Conseil concret: vérifiez systématiquement l’état de lecture sur les bords du disque (micro-rayures en périphérie), et inspectez la jaquette au niveau de la tranche, zone souvent frottée par les manipulations. Si l’exemplaire vient d’un lot, demandez une photo du contenu sorti de la boîte, pas seulement une vue de face.
Console, édition, compatibilité, état et informations utiles avant de compléter la collection.
Kidō Senshi Gundam: Senshitachi no Kiseki est actuellement référencé sur Game Cube dans la base Full Set.
La date de sortie référencée pour Kidō Senshi Gundam: Senshitachi no Kiseki sur Game Cube est 2004.
Kidō Senshi Gundam: Senshitachi no Kiseki a été édité par Bandai.
Kidō Senshi Gundam: Senshitachi no Kiseki a été développé par Bandai.
Sur Game Cube, Kidō Senshi Gundam: Senshitachi no Kiseki est distribué sous la forme de un disque optique Nintendo GameCube.

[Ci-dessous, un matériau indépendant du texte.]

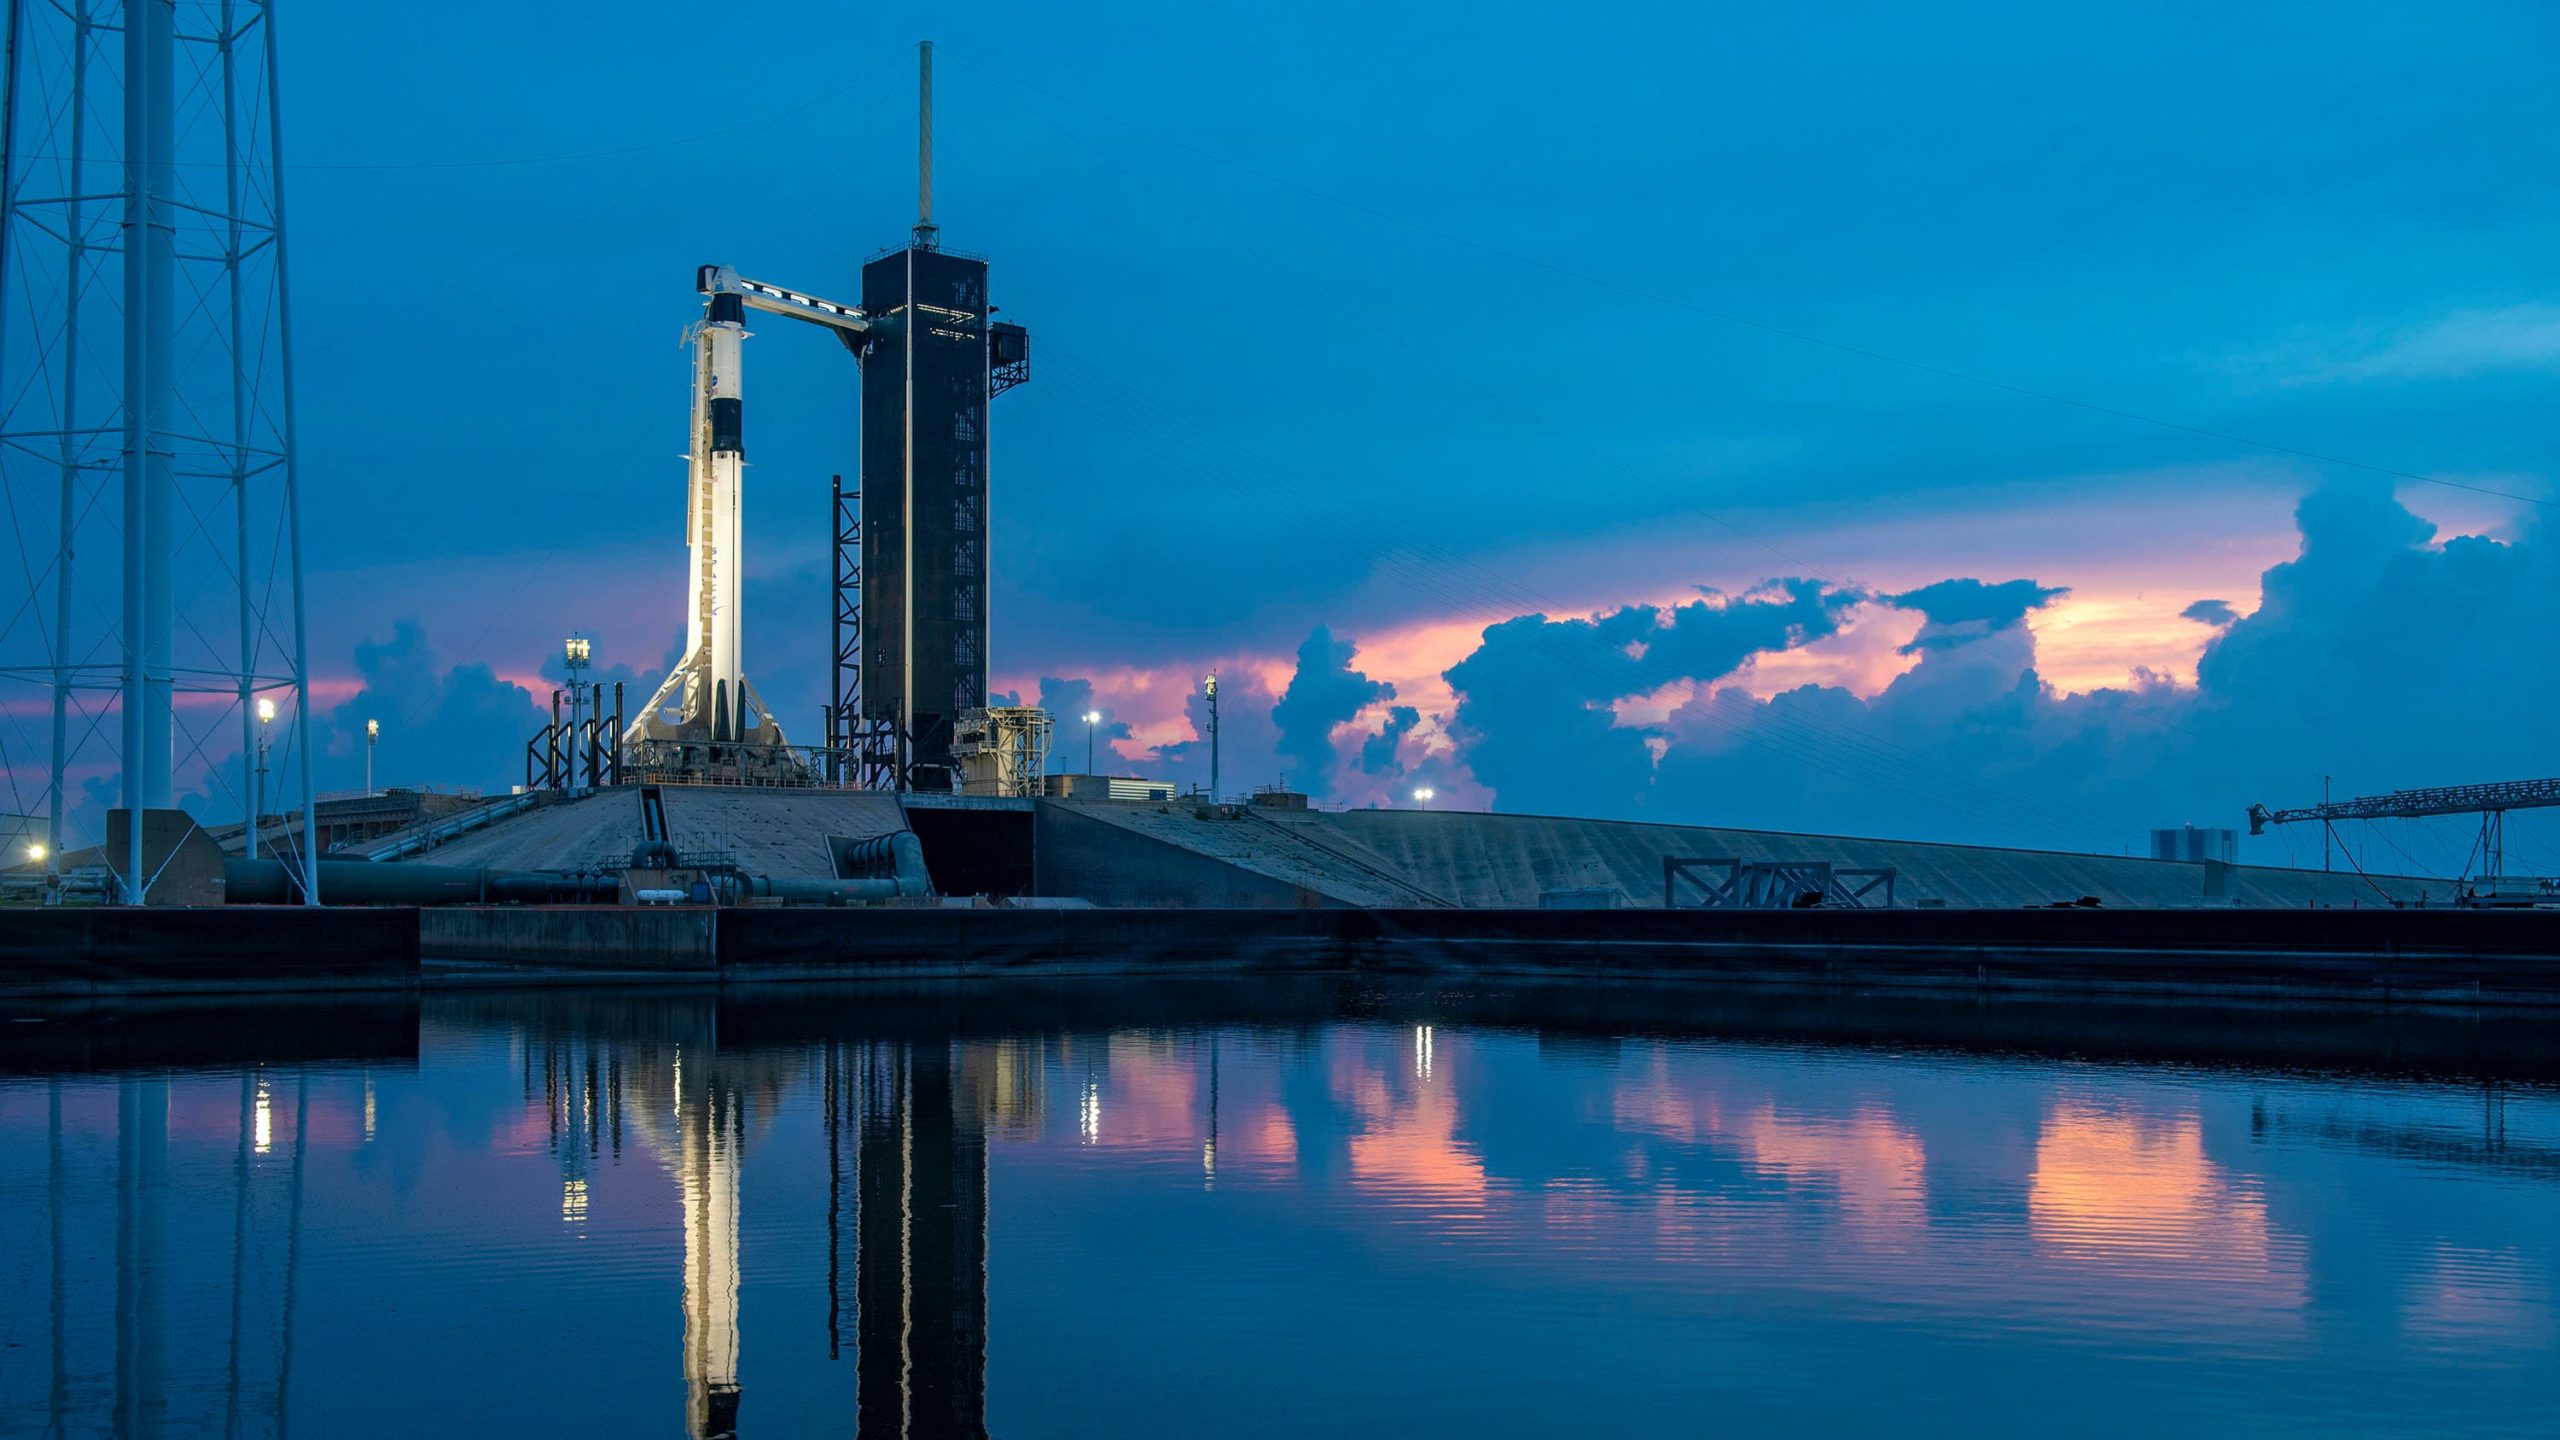 Imagem fornecida pela SpaceX do foguete Falcon 9 no Kennedy Space Center, em 26 de maio de 2020, no Cabo Canaveral, na Flórida. Crédito: SpaceX/Divulgação (Getty Images)
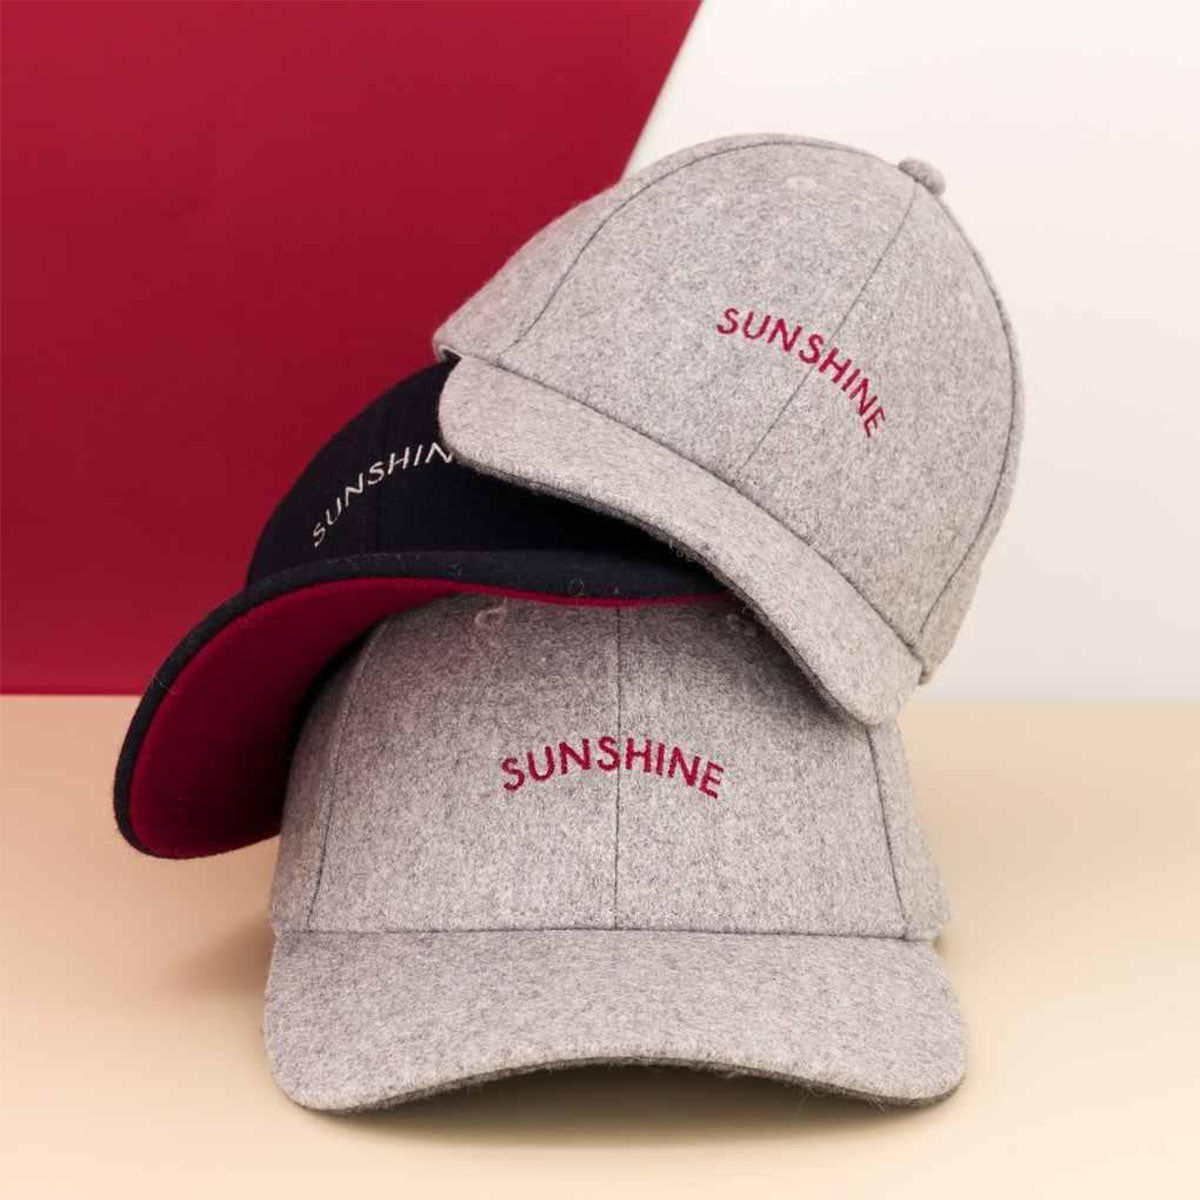 Deze toffe sunshine cap in het grijs van het Franse merk Chamaye maakt de look van je kleintje helemaal af! De pet is gemaakt van stevig materiaal en ziet er super stoer uit! VanZus

Contrôlez les rayures profondes, les fissures autour du centre du disque, l’état de la face imprimée et la lecture sur une console compatible. Vérifiez également la boîte, la notice, la jaquette et la région du jeu.
À découvrir également dans la base Full Set : Kidō Senshi Gundam: Gundam vs. Z Gundam sur Game Cube (même année et même éditeur), Tenshi no Shippo sur Playstation (même éditeur), Starsky & Hutch sur Game Cube (même année).